At first blush, North County — with a mixture of rolling hills and homes that rarely measure over two stories — doesn’t appear to qualify for the “urban” act. But Tim McMonagle, geographer with the U.S. Census Bureau’s Los Angeles Office, clarified that much of the county is in fact eligible.
Most of North County is considered urban, because the city of San Diego is home to more than 1.3 million people, and “continuous development” juts up the coast, McMonagle stated.
While the region qualifies, the bill states that a county and cities within it have to opt into the legislation. But will eligible cities go for the program?
Encinitas Mayor Teresa Barth acknowledged that the bill might lead to the city collecting less in property taxes. However, that could be partially offset by the small farms generating sales tax revenue. Analyzing the act demands looking at more than just the “sheer bottom line,” though, she added.
New streams of locally grown produce would give residents greater access to healthy food. Also, the city would benefit from added food security in the event of a disaster, she said.
Barth noted that farms could potentially set up on some of the city’s grandfathered-in lots with old greenhouses on them, but it’s still too early to tell.
She added that she’d probably bring the act up during a city economic planning session slated for February.
“It’s just a starting point for discussion,” Barth said.
Assembly member Philip Y. Ting from San Francisco authored the bill, which passed at the beginning of October. His office has received calls from politicians expressing interest in introducing the bill in Los Angeles County, San Francisco, Sacramento and other areas, he said.
And in some areas, a loose coalition of farmers and hip restaurant owners are advocating for the bill, he said.

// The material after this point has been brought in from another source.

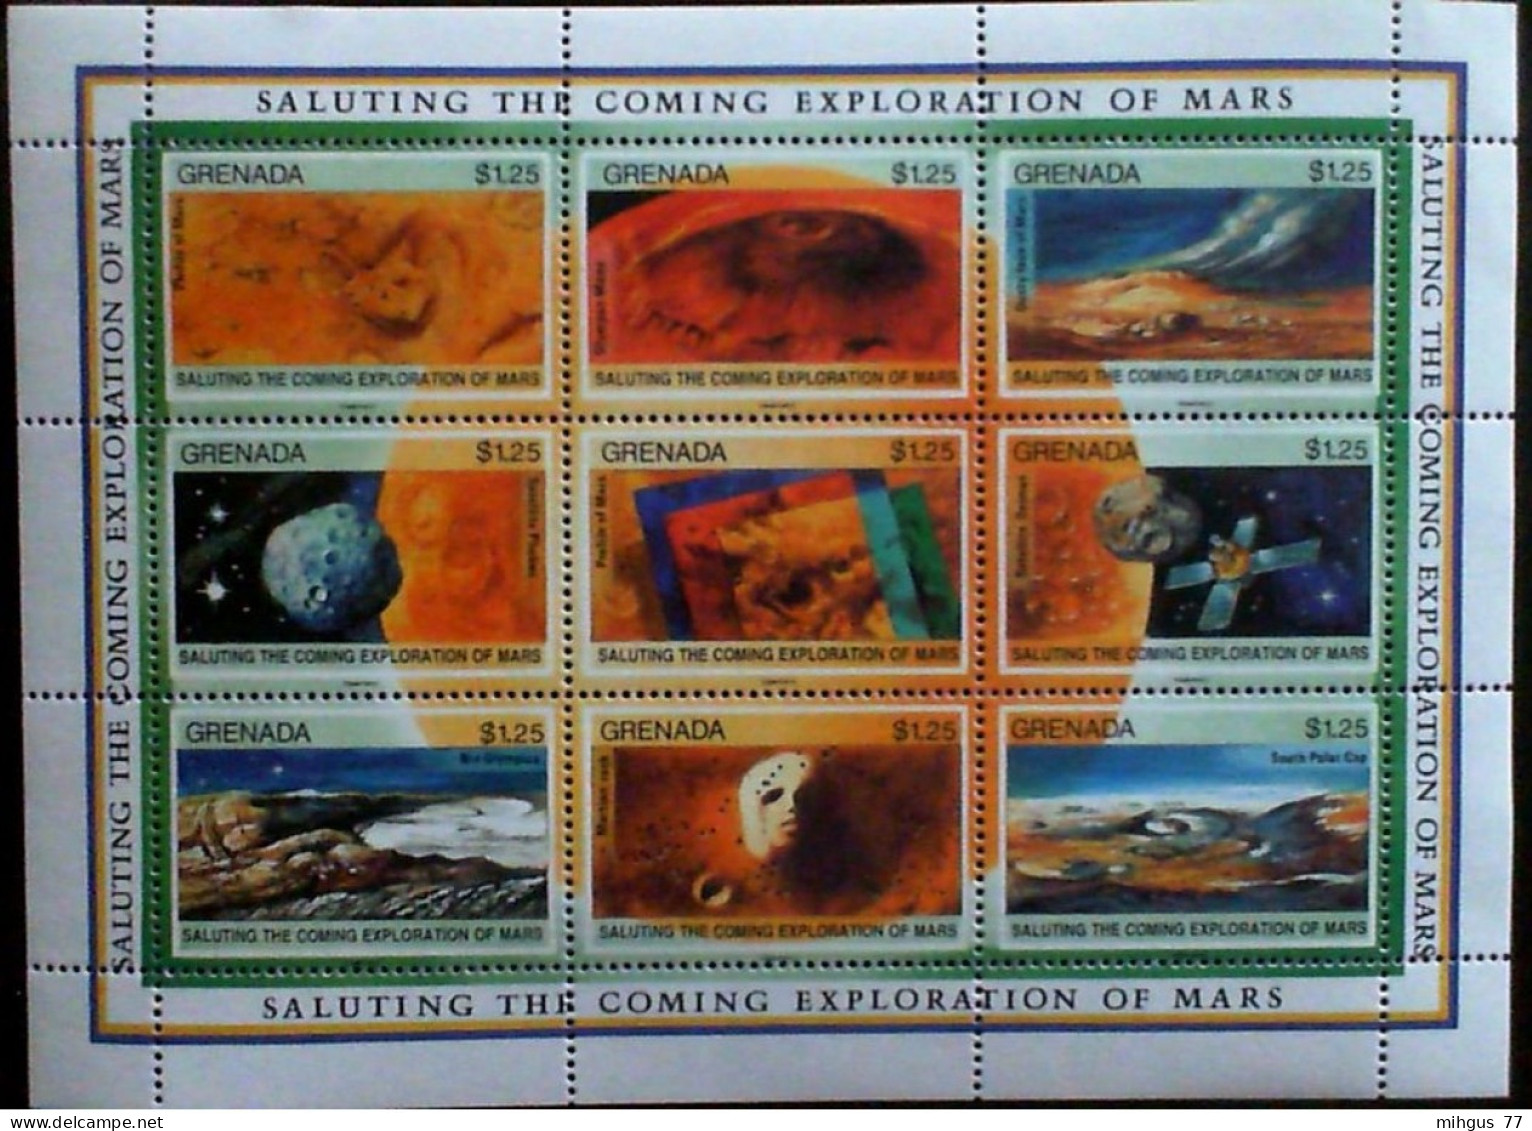 GRENADA , 1991.Mars Exploration And Malta Conference, Second Set. Sheetlet Of 9 Stamps. - Oceanië

“Community farms have been transformational in San Francisco,” Ting said. “We want to catalyze them throughout the state.”
The bill has its roots in California’s historic Williamson Act, which gives tax breaks to landowners dedicating 100-acres or greater to open space or agriculture. Yet, few can meet the 100-acre requirement in most cities, inspiring the bill, Ting said.
Reduced property tax revenue as a result of the bill would mean a loss of below $1 million in school aid annually, according to the California Senate Appropriations Committee. A study wasn’t performed specifically to chart the bill’s economic impact on local governments.
A 2008 study from the American Real Estate and Urban Economics Association found that community farms increased the value of neighboring properties in New York City over the course of 20 years. But the researchers noted they’re cautious about generalizing the results in other areas given the density of New York City, adding that little research has been done on the topic in other cities.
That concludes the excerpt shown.